The Psychology of Design | Software Designing

There are a number of debates about which additional skills designers should learn. Should designers code, write, or understand business? These skills are incredibly valuable but perhaps not essential. However, I would argue that every designer should learn the fundamentals of . As humans, we have an underlying “blueprint” for how we perceive and process the world around us, and the study of psychology helps us define this blueprint. As designers, we can leverage psychology to build more intuitive, human-centered products and experiences. Instead of forcing users to conform to the design of a product or experience, we can use some key principles from psychology as a guide for how people actually are.
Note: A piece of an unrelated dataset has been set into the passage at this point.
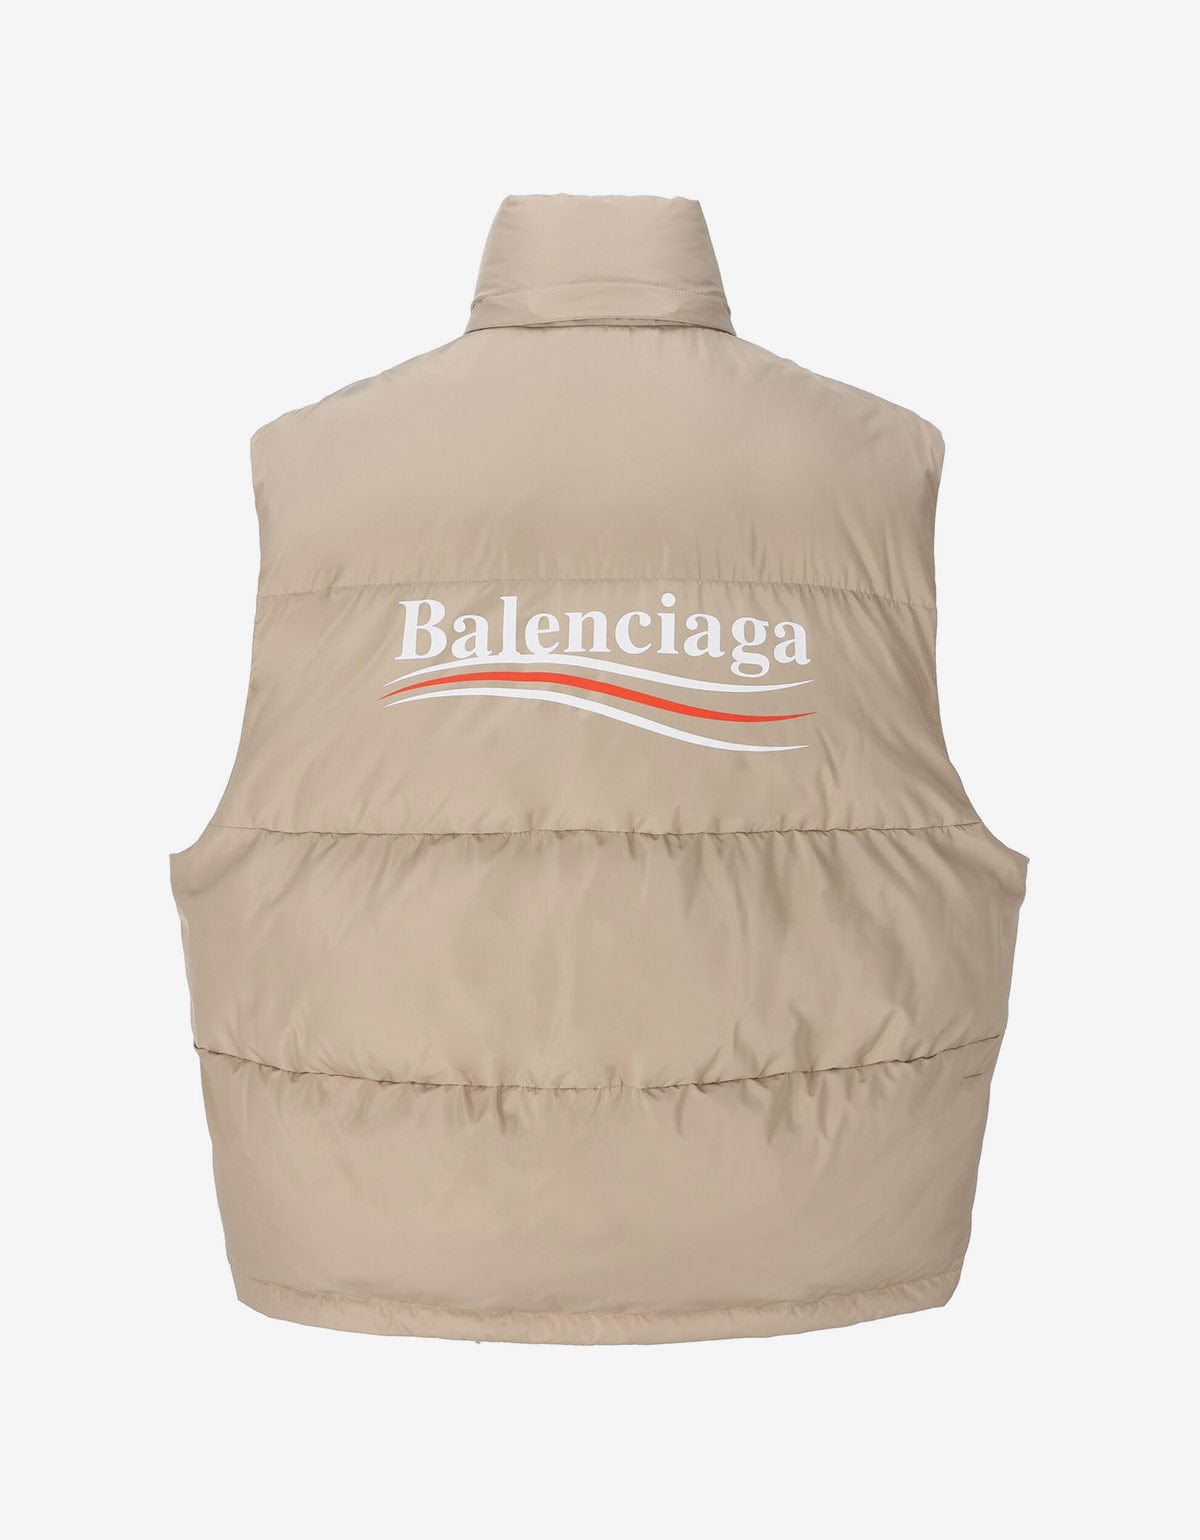 Balenciaga Balenciaga Beige Political Campaign Cocoon Puffer Gilet

But knowing where to start can be a challenge. Which principles from psychology are useful? What are some examples of these principles at work? In this article, I’ll cover the basics, and discuss the ethical implications of using psychology in design.

Key principles

The intersection of psychology and design is extensive. There’s an endless list of principles that occupy this space, but there are a few that I’ve found more ubiquitous than others. Let’s take a look at what these are and where they are effectively leveraged by products and experiences we interact with everyday.

Hick’s Law

One of the primary functions we have as designers is to synthesize information and present it in a way that it doesn’t overwhelm users—after all, good communication strives for clarity. This directly relates to our first key principle: Hick’s Law. Hick’s Law predicts that the time it takes to make a decision increases with the number and complexity of choices available. It was formulated by psychologists William Edmund Hick and Ray Hyman in 1952 after examining the relationship between the number of stimuli present and an individual’s reaction time to any given stimulus.

It turns out there is an actual formula to represent this relationship: RT = a + b log2 (n). Fortunately, we don’t need to understand the math behind this formula to grasp what it means. The concept is quite simple: the time it takes for users to respond directly correlates to the number and complexity of options available. It implies that complex interfaces result in longer processing time for users, which is important because it’s related to a fundamental theory in psychology known as cognitive load.

Cognitive load

Cognitive load refers to the mental processing power being used by our working memory. Our brains are similar to computer processors in that we have limited processing power: when the amount of information coming in exceeds the space available, cognitive load is incurred. Our performance suffers and tasks become more difficult, which results in missed details and even frustration.

Examples

Three photos of television remotes where the majority of buttons have been covered, leaving only holes for the channel, volume, and number buttons.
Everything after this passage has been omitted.